## Assignment
Pictures in the data must not be copied, but everything else should be output exactly.

## Collected data
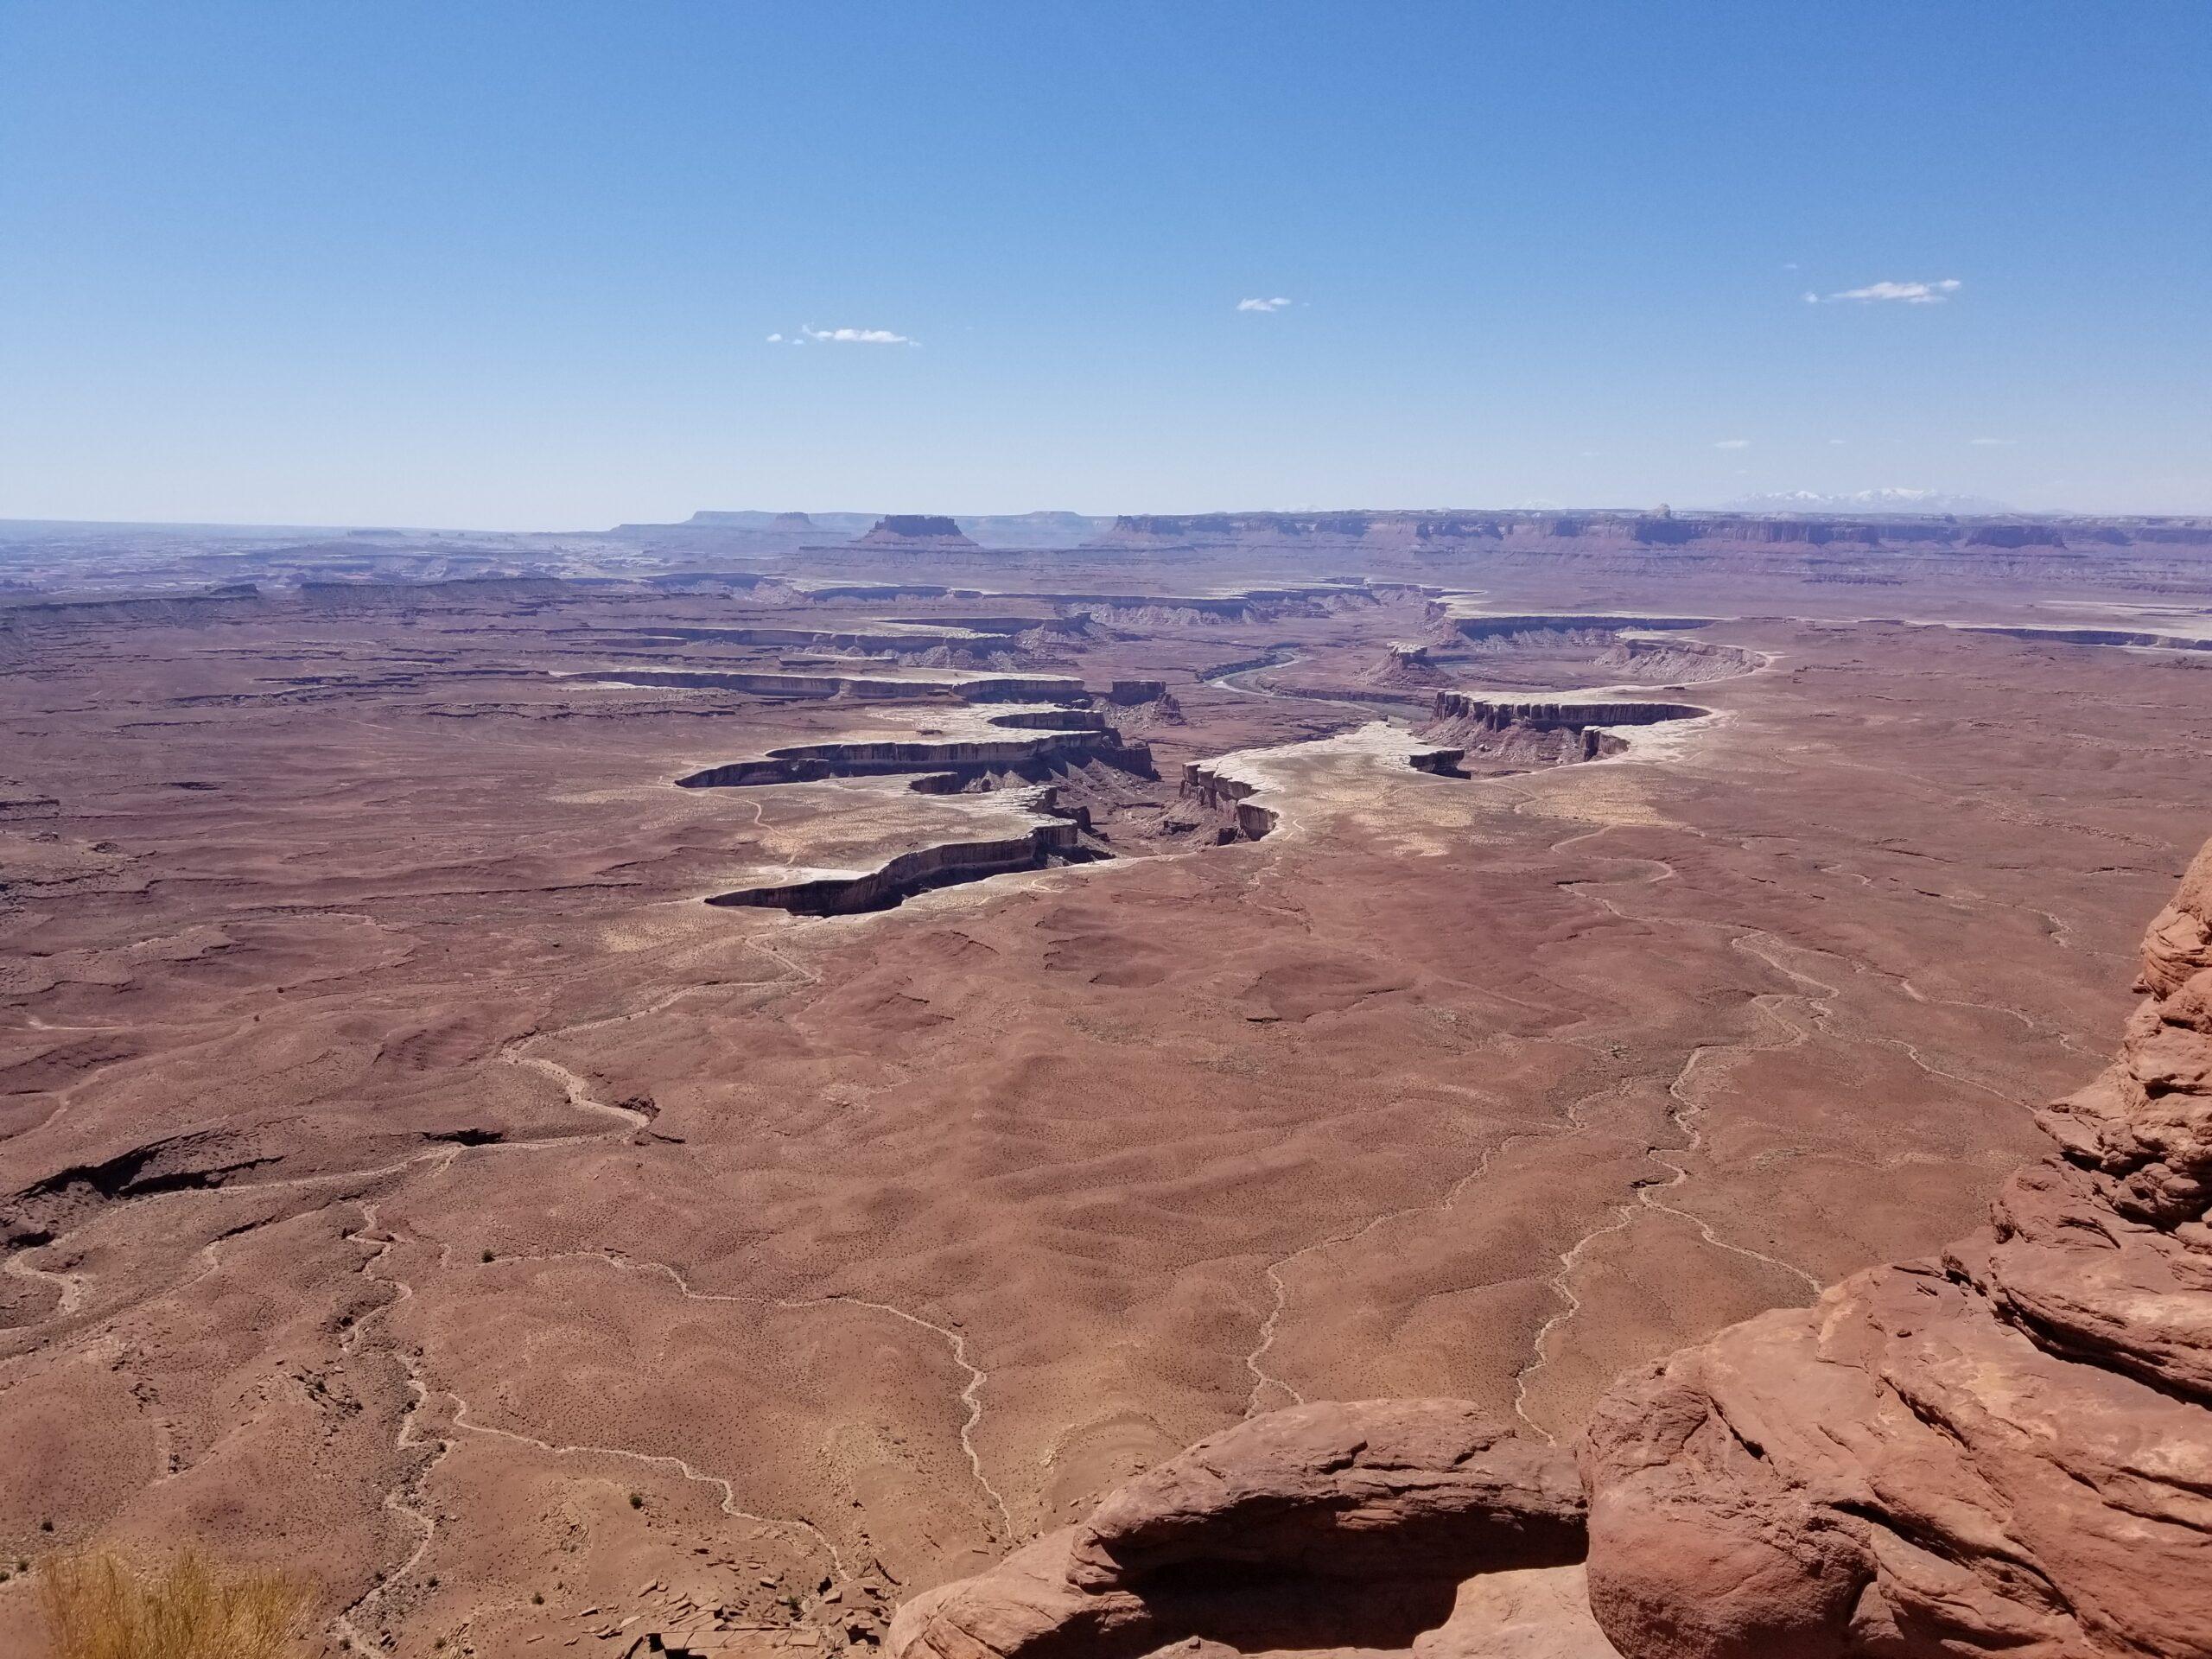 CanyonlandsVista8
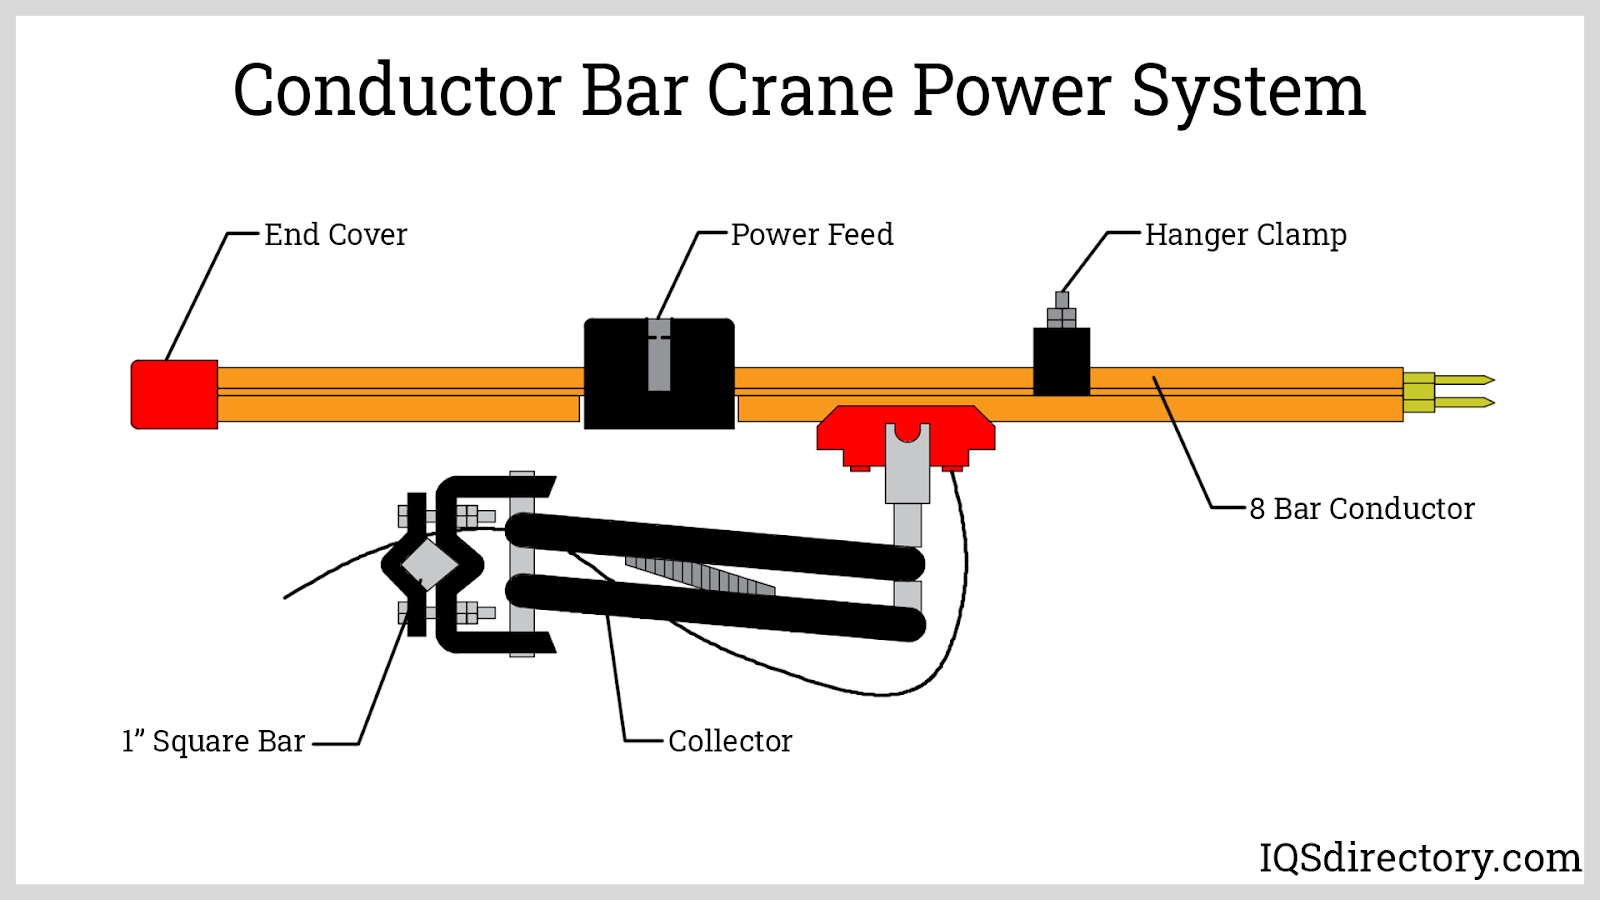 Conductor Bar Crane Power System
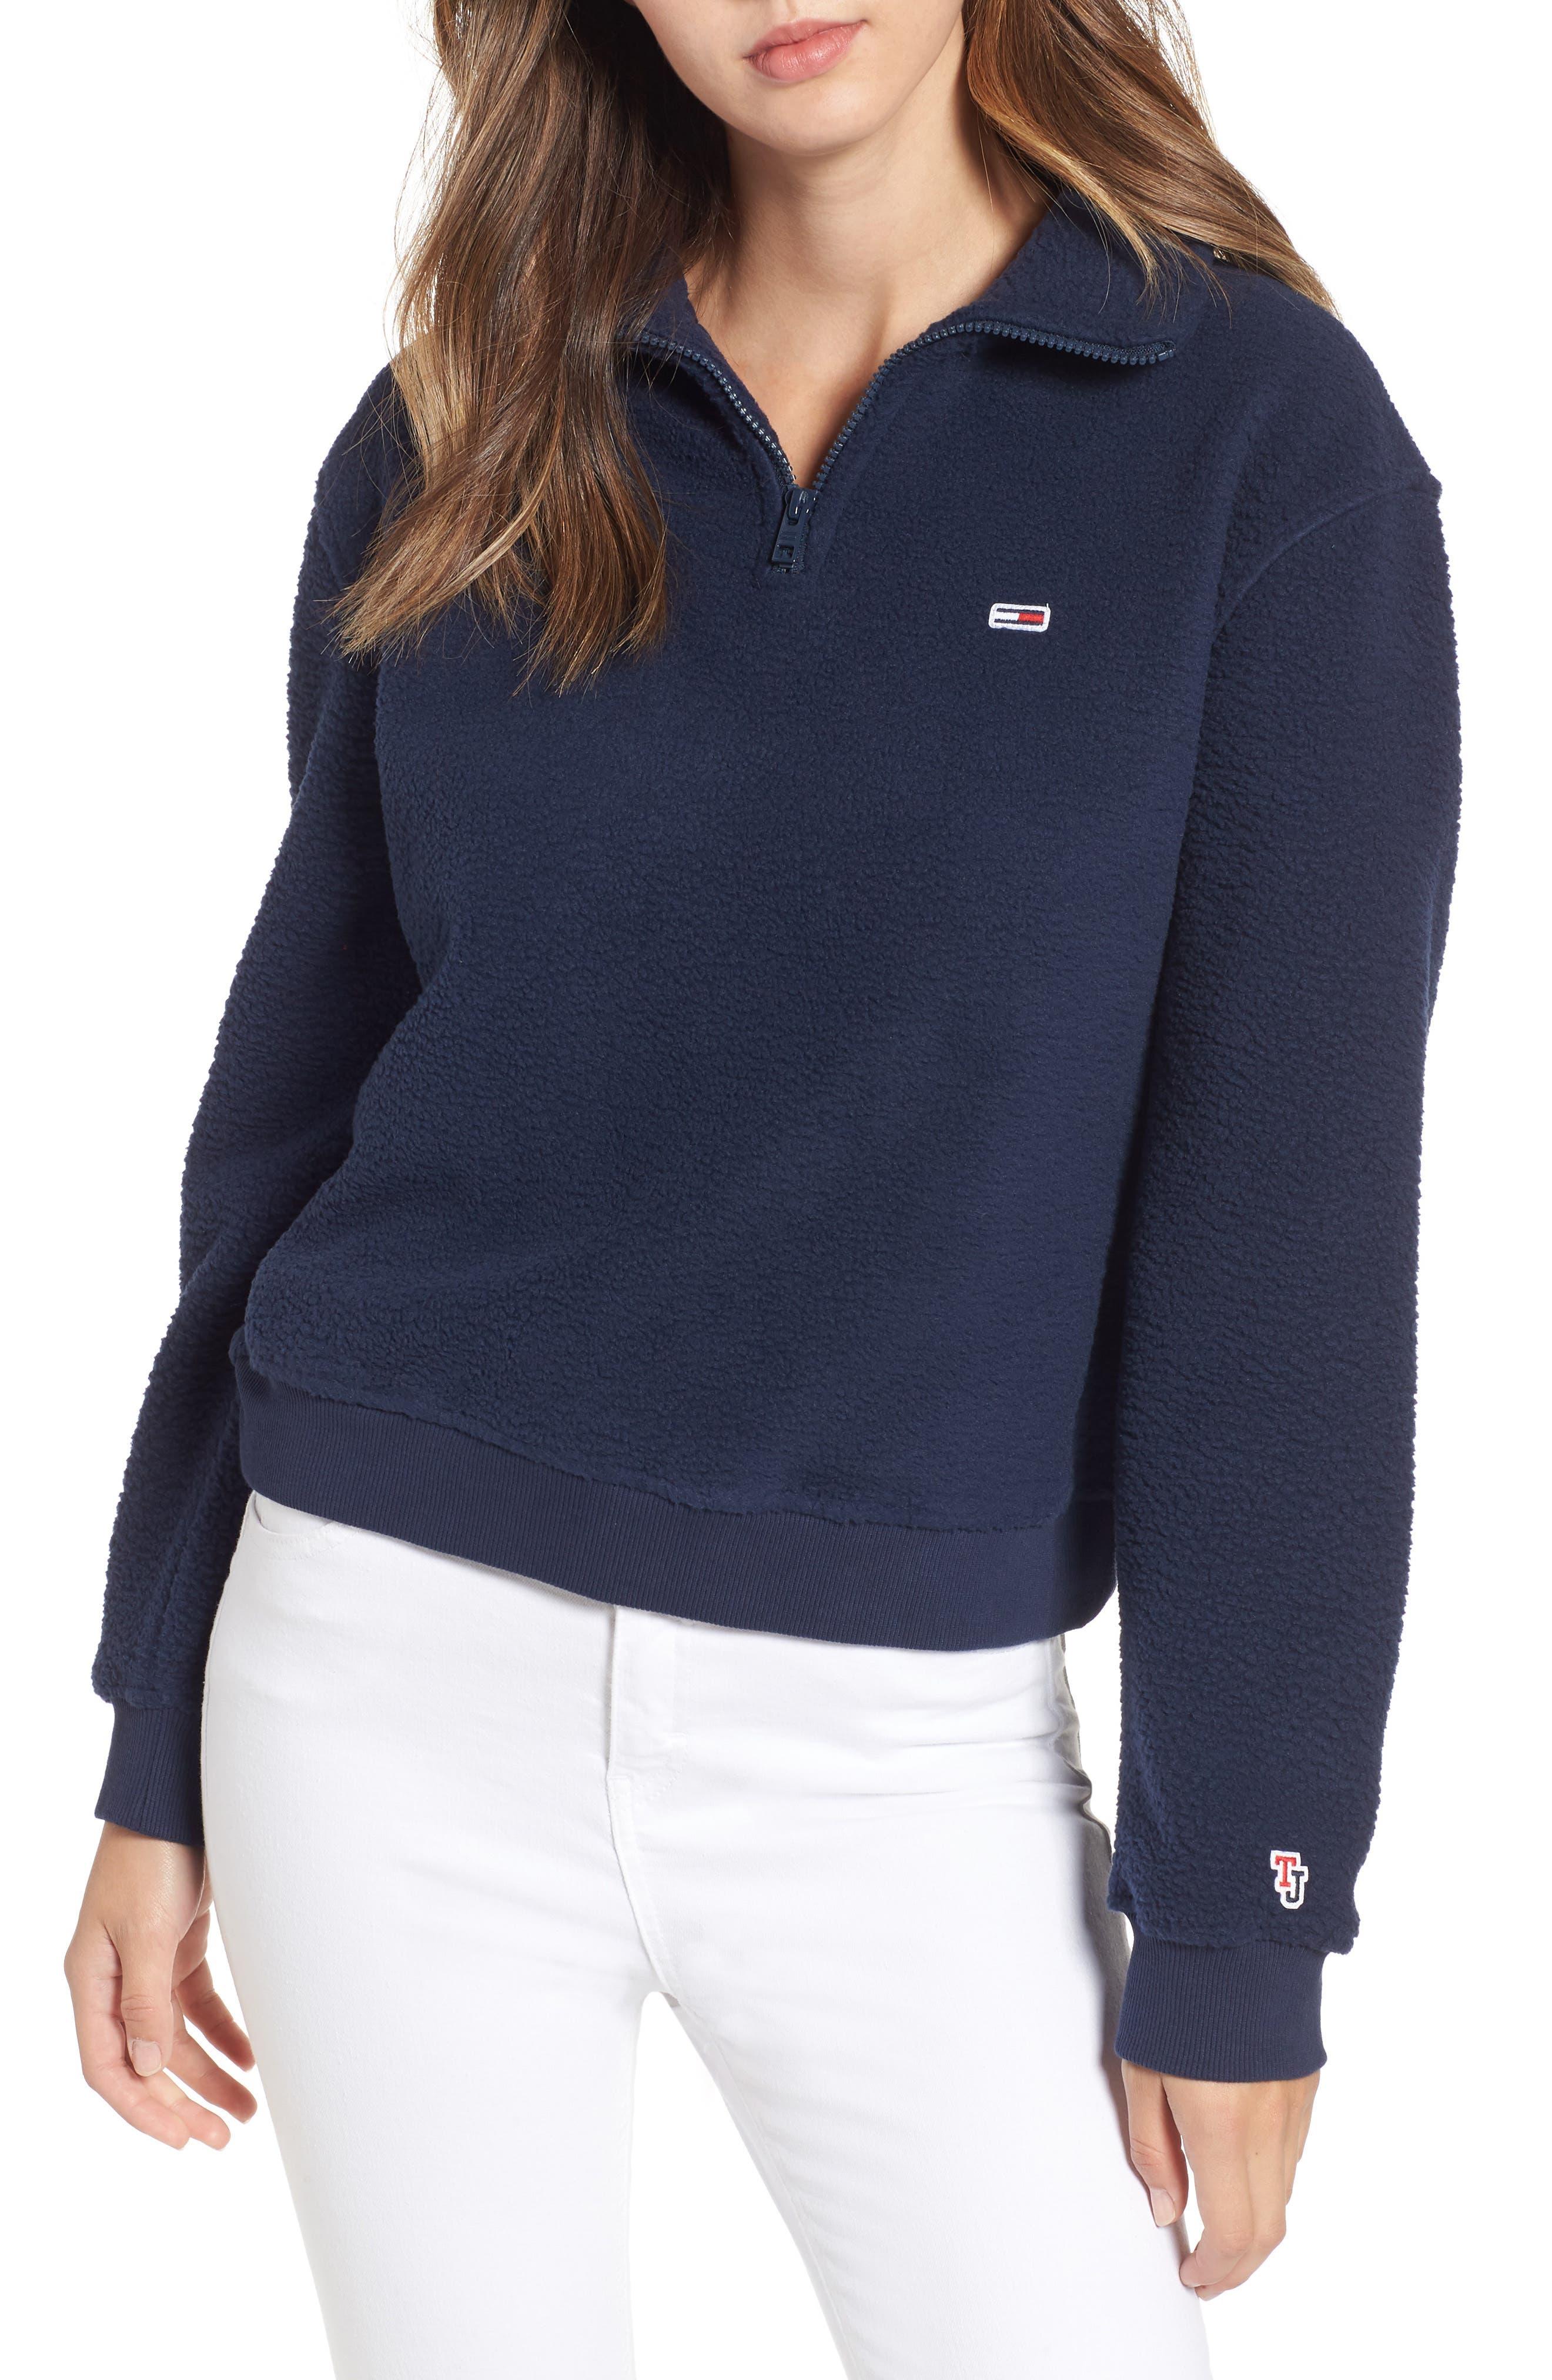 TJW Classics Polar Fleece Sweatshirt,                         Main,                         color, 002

## Written response
 CanyonlandsVista8
 Conductor Bar Crane Power System
 TJW Classics Polar Fleece Sweatshirt,                         Main,                         color, 002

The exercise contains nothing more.